For more information about the nslookup command, see this guide.

For more information about the dig command, see this guide.

Determining the local hardware configuration

To retrieve detailed information about what hardware is in the system, use the lshw (list hardware) command:

lshw
lshw -class network
lshw -class network -short

Here is example output from lshw, which will often look crowded and chaotic:

# lshw -class network
  *-network:0
       description: Ethernet interface
       product: I350 Gigabit Network Connection
       vendor: Intel Corporation
       physical id: 0
       bus info: pci@0000:01:00.0
       logical name: enp1s0f0
       version: 01
       serial: 0c:c4:7a:b2:98:dc
       size: 1Gbit/s
       capacity: 1Gbit/s
       width: 32 bits
       clock: 33MHz
       capabilities: pm msi msix pciexpress bus_master cap_list rom ethernet physical tp 10bt 10bt-fd 100bt 100bt-fd 1000bt-fd autonegotiation
       configuration: autonegotiation=on broadcast=yes driver=igb driverversion=5.6.0-k duplex=full firmware=1.52, 0x800007ae latency=0 link=yes multicast=yes port=twisted pair slave=yes speed=1Gbit/s
       resources: irq:16 memory:88400000-8847ffff ioport:e020(size=32) memory:88580000-88583fff memory:88500000-8853ffff memory:88584000-885a3fff memory:885a4000-885c3fff
  *-network:1
       description: Ethernet interface
       product: I350 Gigabit Network Connection
       vendor: Intel Corporation
       physical id: 0.1
       bus info: pci@0000:01:00.1
       logical name: enp1s0f1
       version: 01
       serial: 0c:c4:7a:b2:98:dc
       size: 1Gbit/s
       capacity: 1Gbit/s
       width: 32 bits
       clock: 33MHz
       capabilities: pm msi msix pciexpress bus_master cap_list rom ethernet physical tp 10bt 10bt-fd 100bt 100bt-fd 1000bt-fd autonegotiation
       configuration: autonegotiation=on broadcast=yes driver=igb driverversion=5.6.0-k duplex=full firmware=1.52, 0x800007ae latency=0 link=yes multicast=yes port=twisted pair slave=yes speed=1Gbit/s
       resources: irq:17 memory:88480000-884fffff ioport:e000(size=32) memory:885c4000-885c7fff memory:88540000-8857ffff memory:885c8000-885e7fff memory:885e8000-88607fff
  *-network
       description: Ethernet interface
       physical id: 3
       logical name: bond0
       serial: 0c:c4:7a:b2:98:dc
       capabilities: ethernet physical
       configuration: autonegotiation=off broadcast=yes driver=bonding driverversion=3.7.1 duplex=full firmware=2 ip=139.178.69.191 link=yes master=yes multicast=yes

For more information about the lshw command, see this guide.

Getting specific network card info

To determine more specific information about the network card and the driver used in a specific machine, use ethtool:

ethtool [DEVICE NAME]
ethtool -i [DEVICE NAME]

For more information about ethtool, see this guide.

Figuring out firewall rules

Many Linux distributions pre-deploy firewall rules or services such as firewalld for basic system security.

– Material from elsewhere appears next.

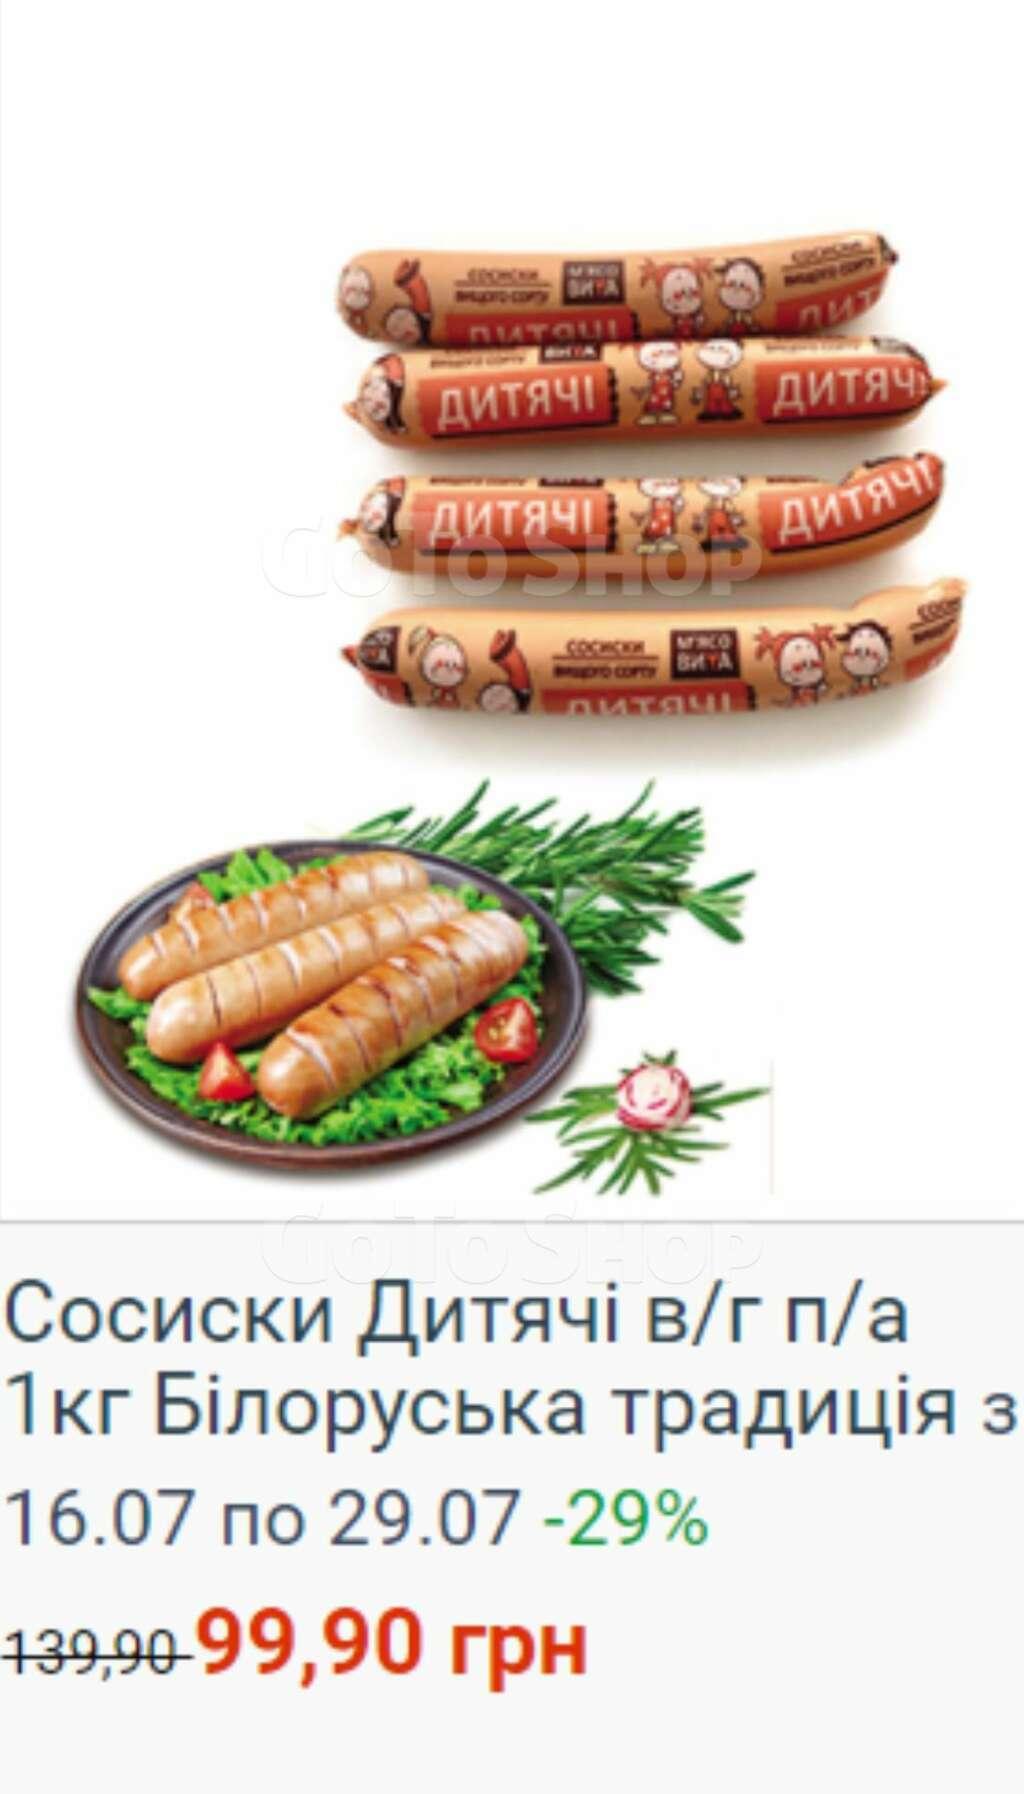 Сосиски

Those may get in your way when setting up networks. On Linux systems, packet filters are implemented using iptables or nftables, the latter being newer but having a compatibility interface to iptables. Here is how to get a list of all applied rules:

iptables -S

Remember that both iptables and nftables follow the “first rule match” principle. That means that an incoming packet is dealt with according to the first matching rule.

Deprecated tools

You may be familiar with older networking utilities such as arp, ifconfig, or route. These tools are now deprecated and succeeded by ip. The netstat tool is superceded by ss.

Conclusion

This article has provided an overview of various tools available on Linux systems for troubleshooting networking issues. Although these tools may not solve every networking problem, it's always good to know where to get the proper information. If nothing else, having this info readily available will make support calls go faster.